MCP server providing 5 research tools to AI assistants: web search (Google via Serper), Reddit search (also via Serper with `site:reddit.com`) & post extraction (via Reddit OAuth), URL scraping with optional AI extraction, and AI-powered deep research synthesis. Supports STDIO, HTTP Streamable, and Cloudflare Workers transports.
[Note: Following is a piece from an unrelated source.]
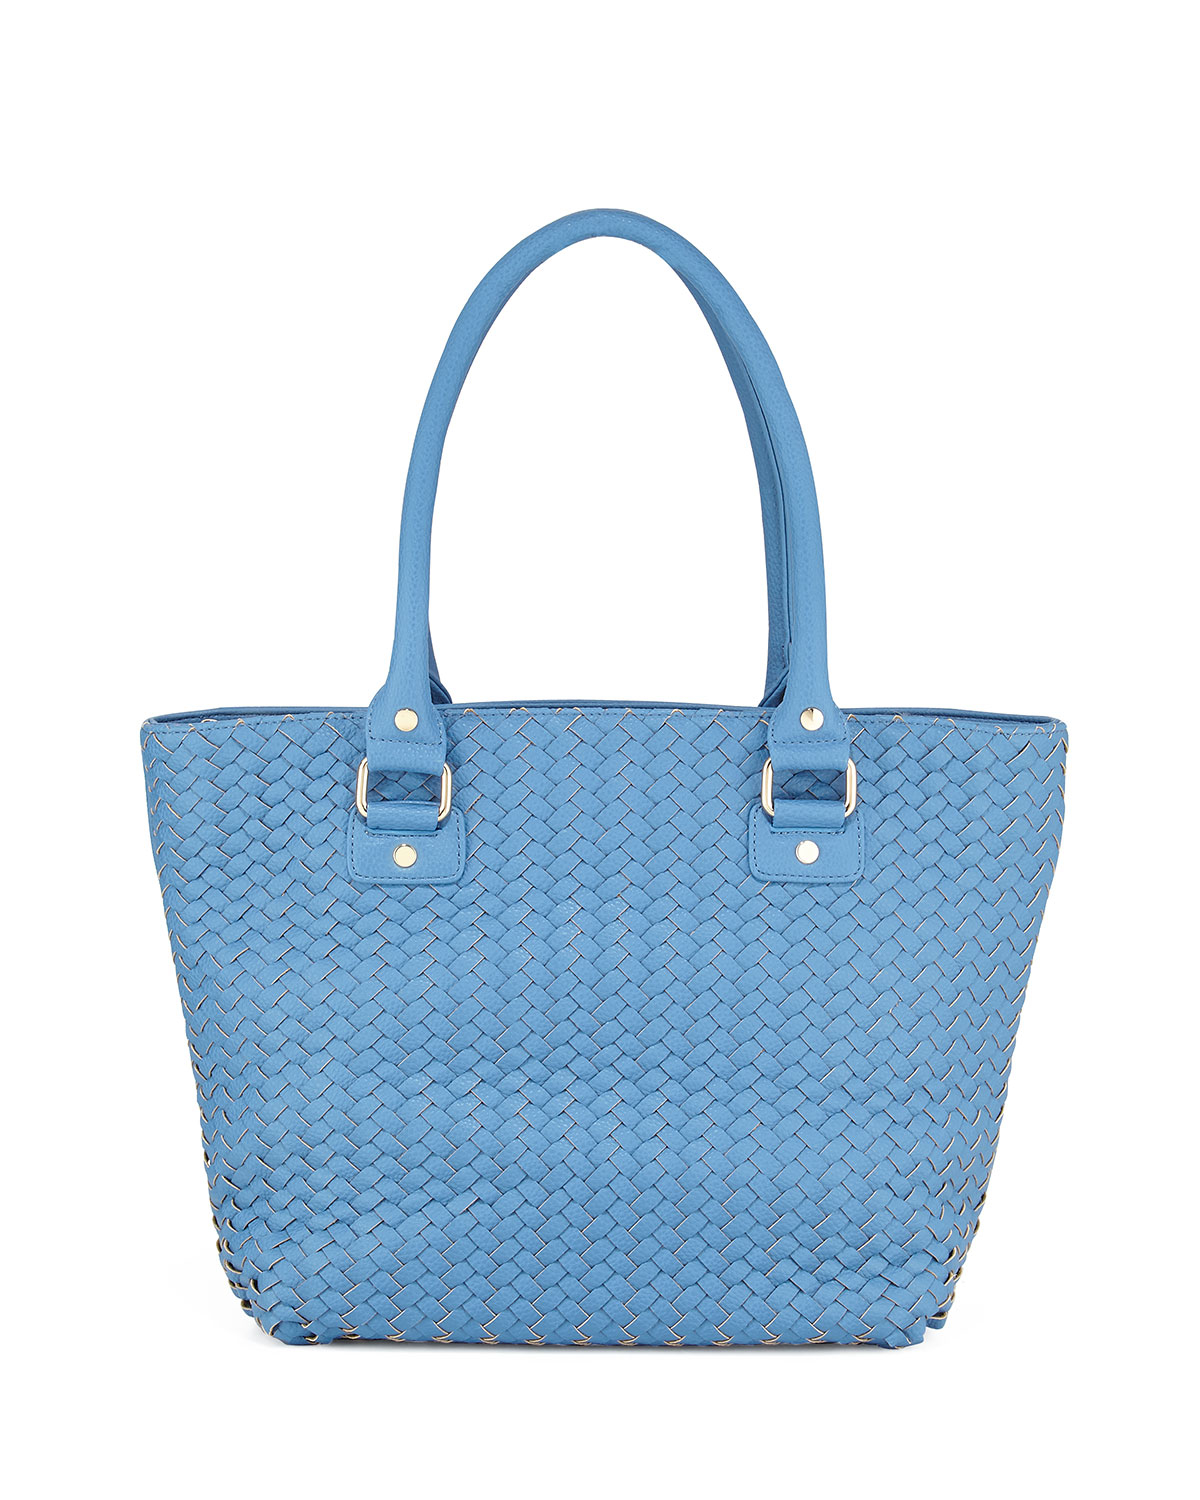 Lyst - Neiman Marcus Woven Shopper Tote Bag in Blue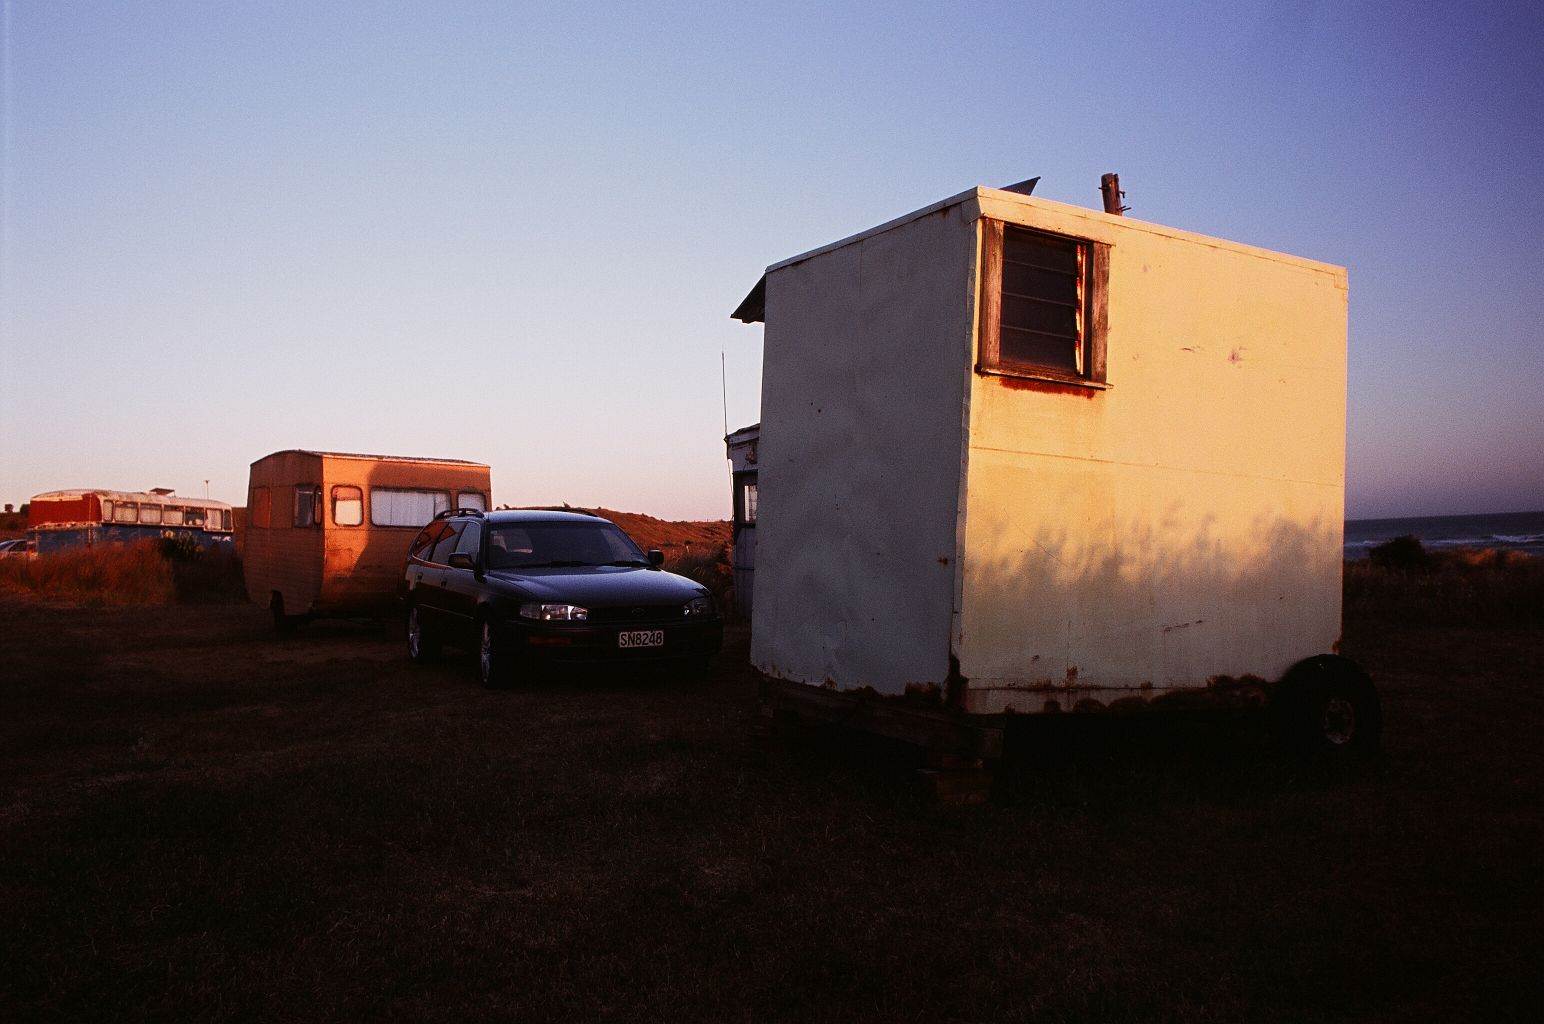 fotka / image informal campsite na Waiia beach, z Aucklandu do Wellingtonu

Node.js >= 20.0.0.

## Build & Run

```bash
npm run build           # tsc + copy src/config/yaml/ to dist/config/
npm run dev             # tsx live TypeScript
npm start               # node dist/index.js
npm run typecheck       # type check without emitting (does NOT check worker.ts)
```

```bash
npm run test:web-search     # test web search tool
npm run test:reddit-search  # test Reddit search
npm run test:scrape-links   # test scraping
npm run test:deep-research  # test deep research
npm run test:all            # run all tests
npm run test:check          # check environment setup
```

Transport modes:
```bash
npx mcp-researchpowerpack                      # STDIO (default)
MCP_TRANSPORT=http MCP_PORT=3000 npx mcp-researchpowerpack  # HTTP
```

Binary names: `mcp-researchpowerpack`, `research-powerpack-mcp`.

## Environment Variables

Server starts with any configuration — tools are silently disabled if their API keys are missing.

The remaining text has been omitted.